Software & Algorithms: If you’re looking for a systematic way to automatically code issues, consider more advanced software than Excel. But the cost, setup, and the ultimate results may mean these higher tech solutions (which often use machine learning algorithms) aren’t worth it. One of the reasons software algorithms don’t consistently work well, is that the questions and context tend to differ so much from study to study. However, with structured and similar questions between studies and improving technology you may find a benefit.
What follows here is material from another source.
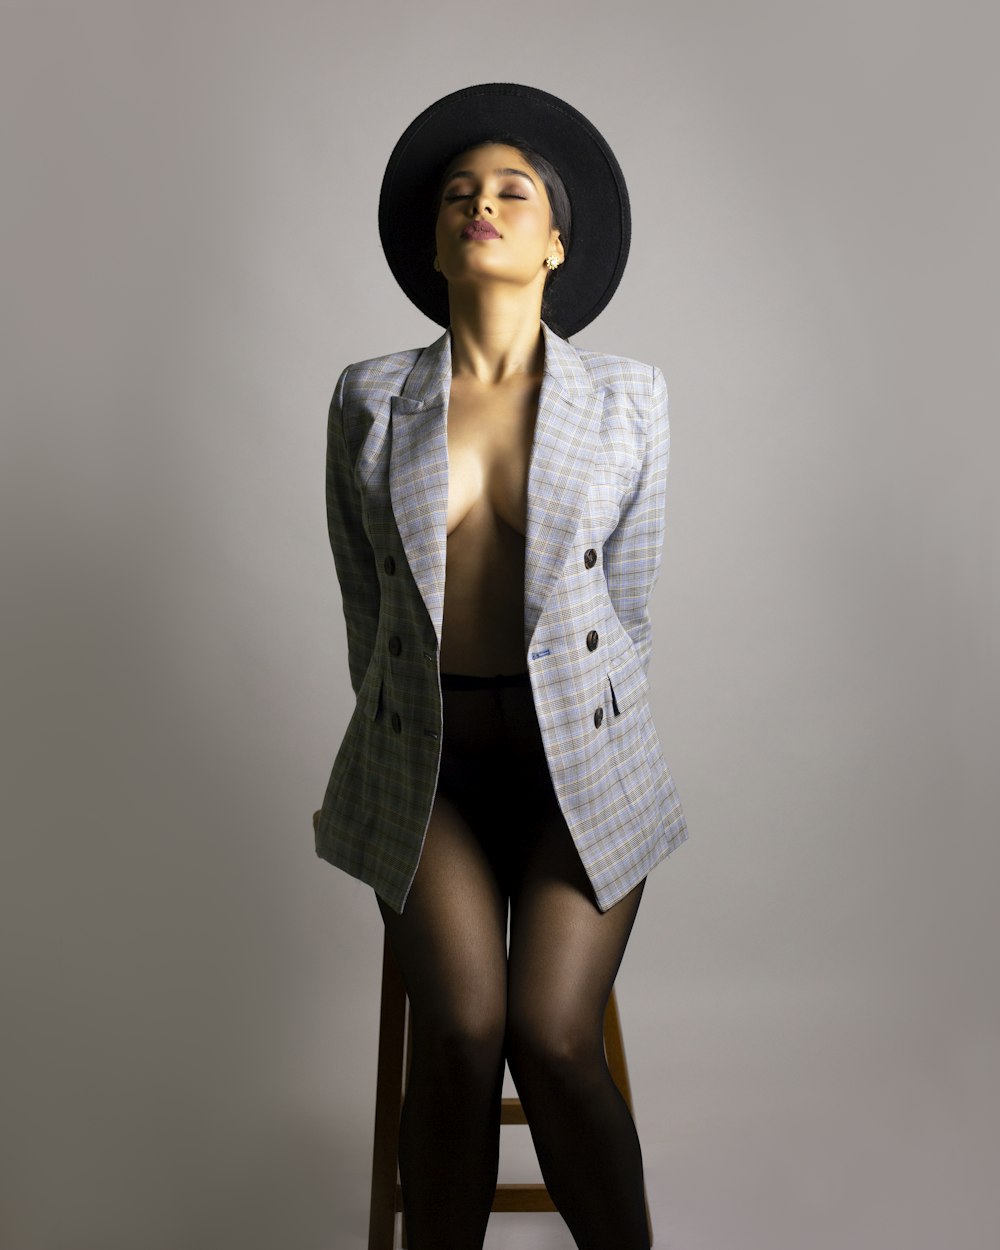 woman in black hat and gray blazer
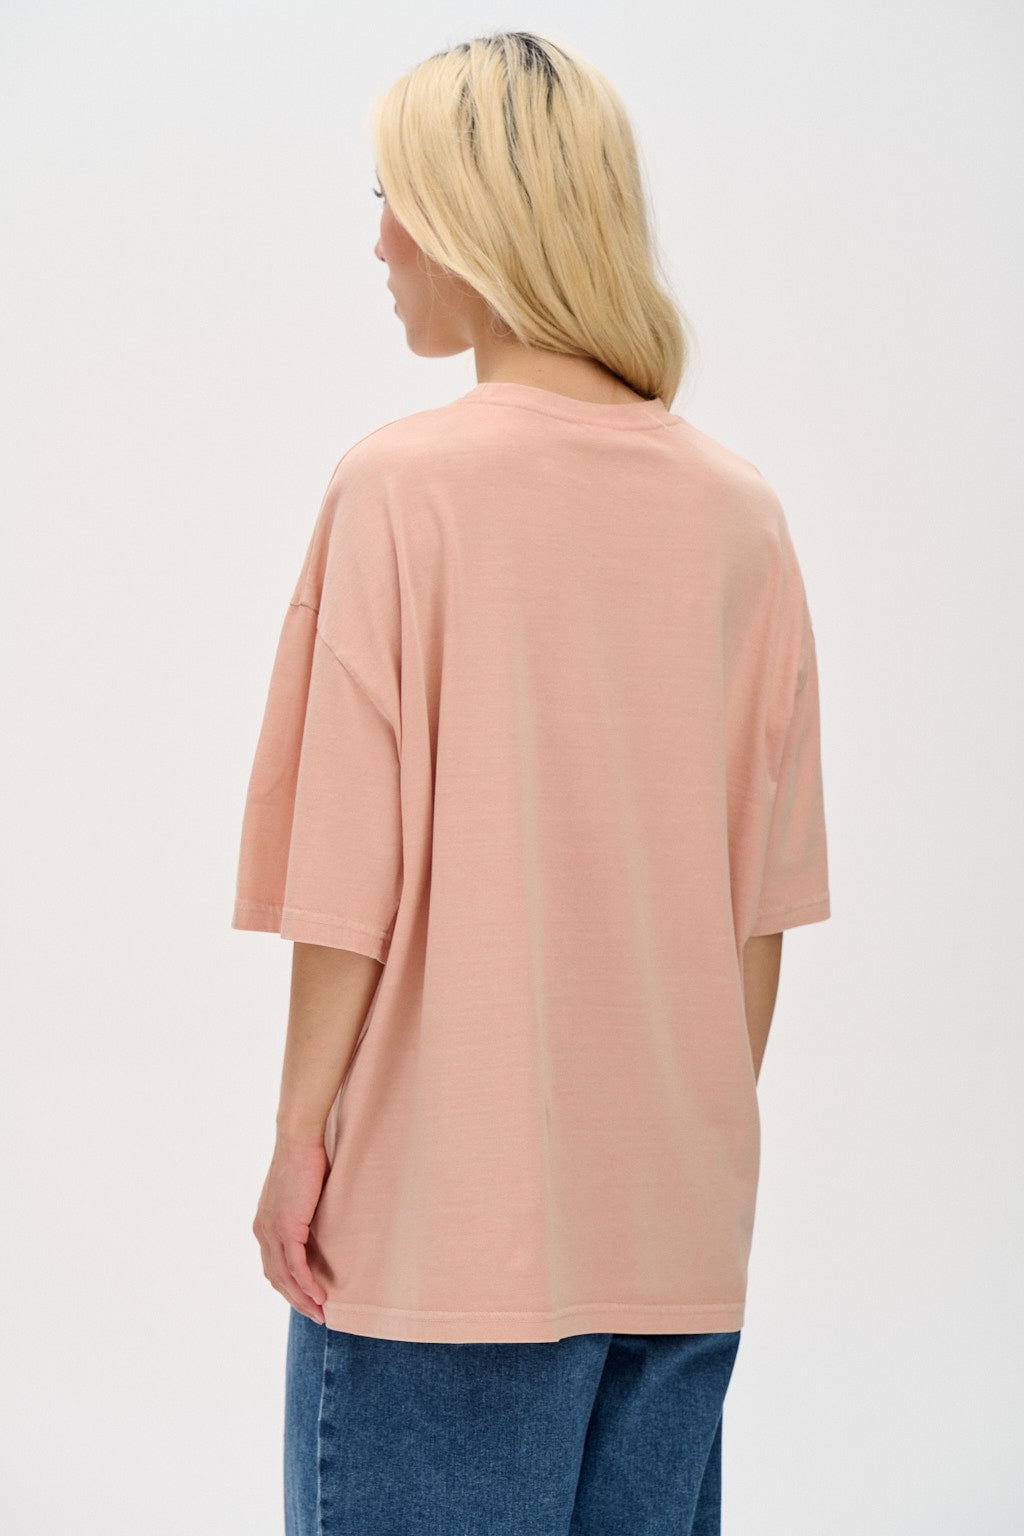 Lucy & Yak Tops Benny Tee: ORGANIC COTTON EARTH PIGMENT- Light Rose

Word Clouds: In our experience, word clouds (like the figure below) are a quick way to visualize the frequency of key words but don’t do a great job of summarizing verbatim comments that are more than a couple words.
Predefined Codes: If you find yourself analyzing the same type of studies on similar interfaces, your analysis may benefit from having predefined themes and codes. This is similar to the idea of diagnostic codes in clinical settings. At MeasuringU the studies we run for clients are unique (different questions and interfaces) but they do share common elements and tasks. We currently don’t use predefined codes but do explore ways to identify common themes, which allows us to quickly identify patterns and suggested improvements.